Next, the operation and effect of the electric wire coating deterioration detecting device 1 of the present embodiment will be described with reference to FIGS. 2, 3, and 6 to 8.
In step 101 of FIG. 8, the measurer heats an electric wire of the same type as the electric wire 2 to be inspected in a constant temperature bath at about 100 ° C., and prepares a plurality of types of heat-degraded electric wires (samples having different heating times). ). As a result, the wire is accelerated and degraded by heat, and a plurality of types of samples having different breaking elongations are created. Here, the “electric wire of the same type as the electric wire 2” includes not only an electric wire completely identical to the electric wire 2 but also an electric wire substantially the same as the electric wire 2. Further, the heat treatment in this example may be performed at a temperature setting other than 100 ° C.

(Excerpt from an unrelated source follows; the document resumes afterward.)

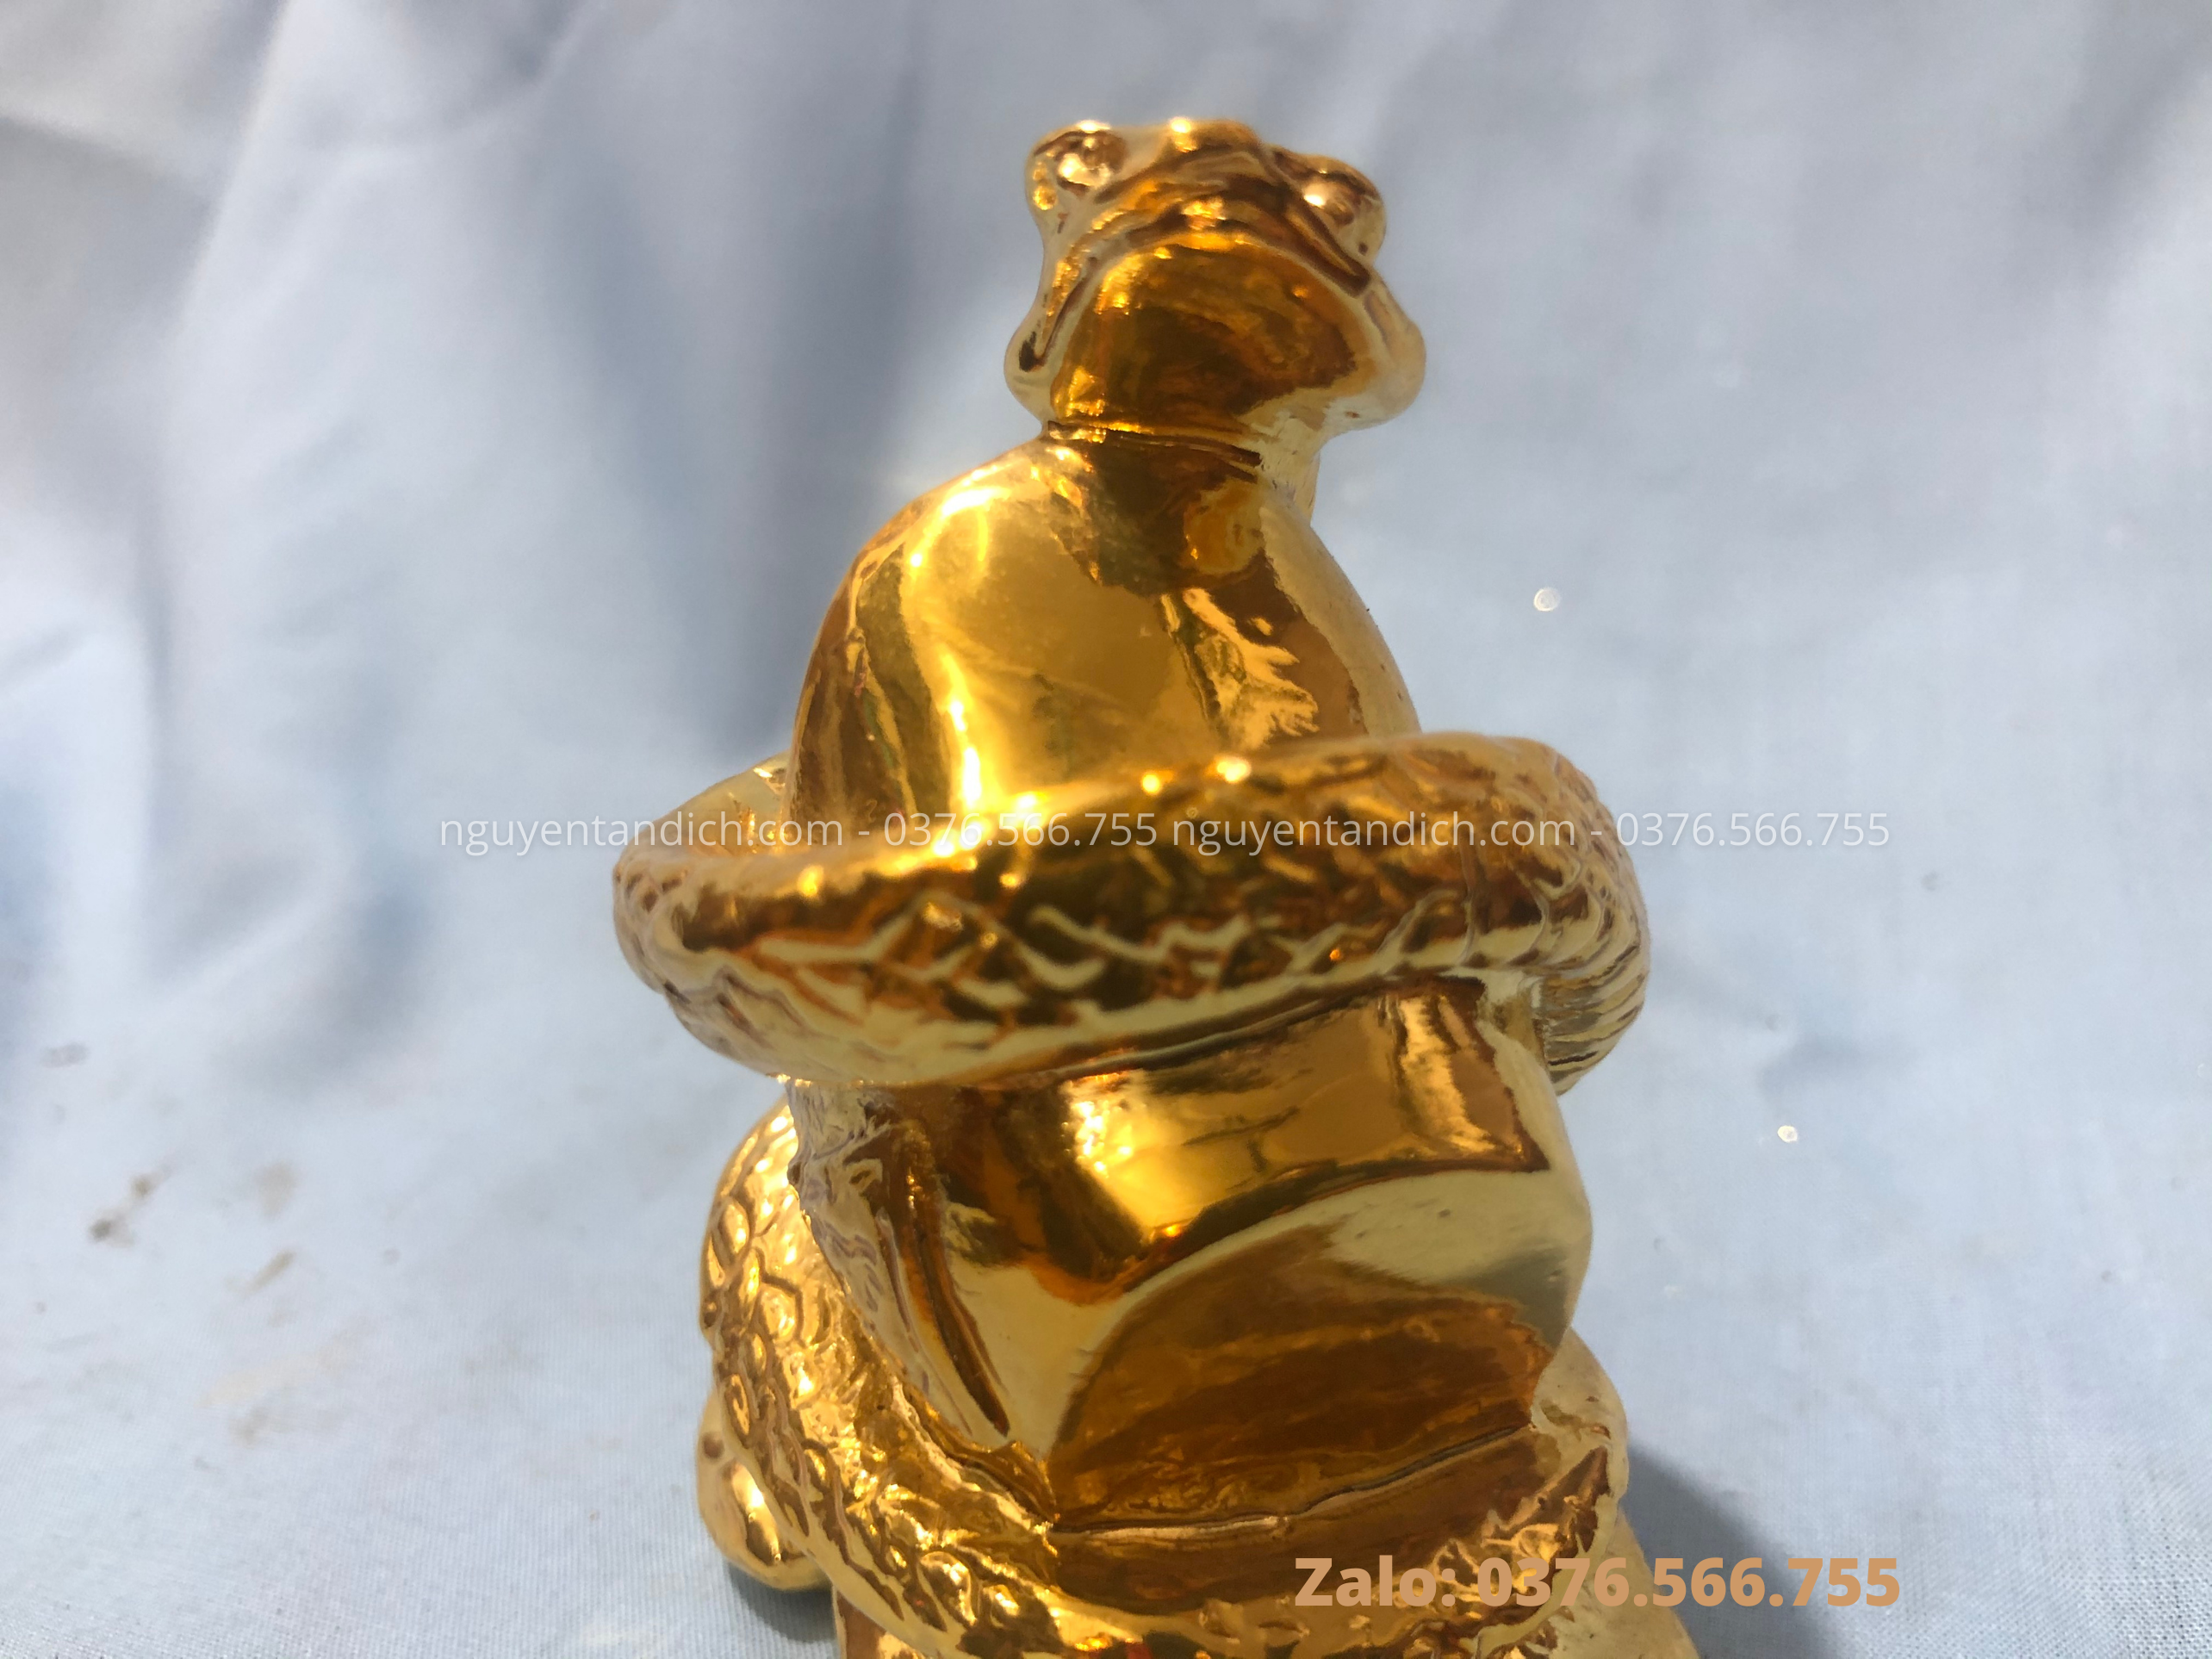 Tượng đồng nghệ thuật: linh vật rắn bằng đồng mạ vàng

  The sample of this example includes a sample 1 that is a new electric wire, a sample 2 that has been subjected to a heat deterioration of 20 days, a sample 3 that has been subjected to a heat deterioration of 30 days, and a sample 4 that has been subjected to a heat deterioration of 40 days. There is a sample 5 which has been subjected to a heat deterioration of 60 days, a sample 6 which has been subjected to a heat deterioration of 90 days, and a sample 7 which has been subjected to a heat deterioration of 100 days. These samples 1 to 7 are heat-degraded electric wires.

  In step 102, the wire coating deterioration detecting device 1 measures the elongation at break and the reflectance of each of the samples 1 to 7. As a result of measurement of the elongation at break of each of the samples 1 to 7, the result that the elongation at break decreases as the heating time (thermal deterioration time) increases.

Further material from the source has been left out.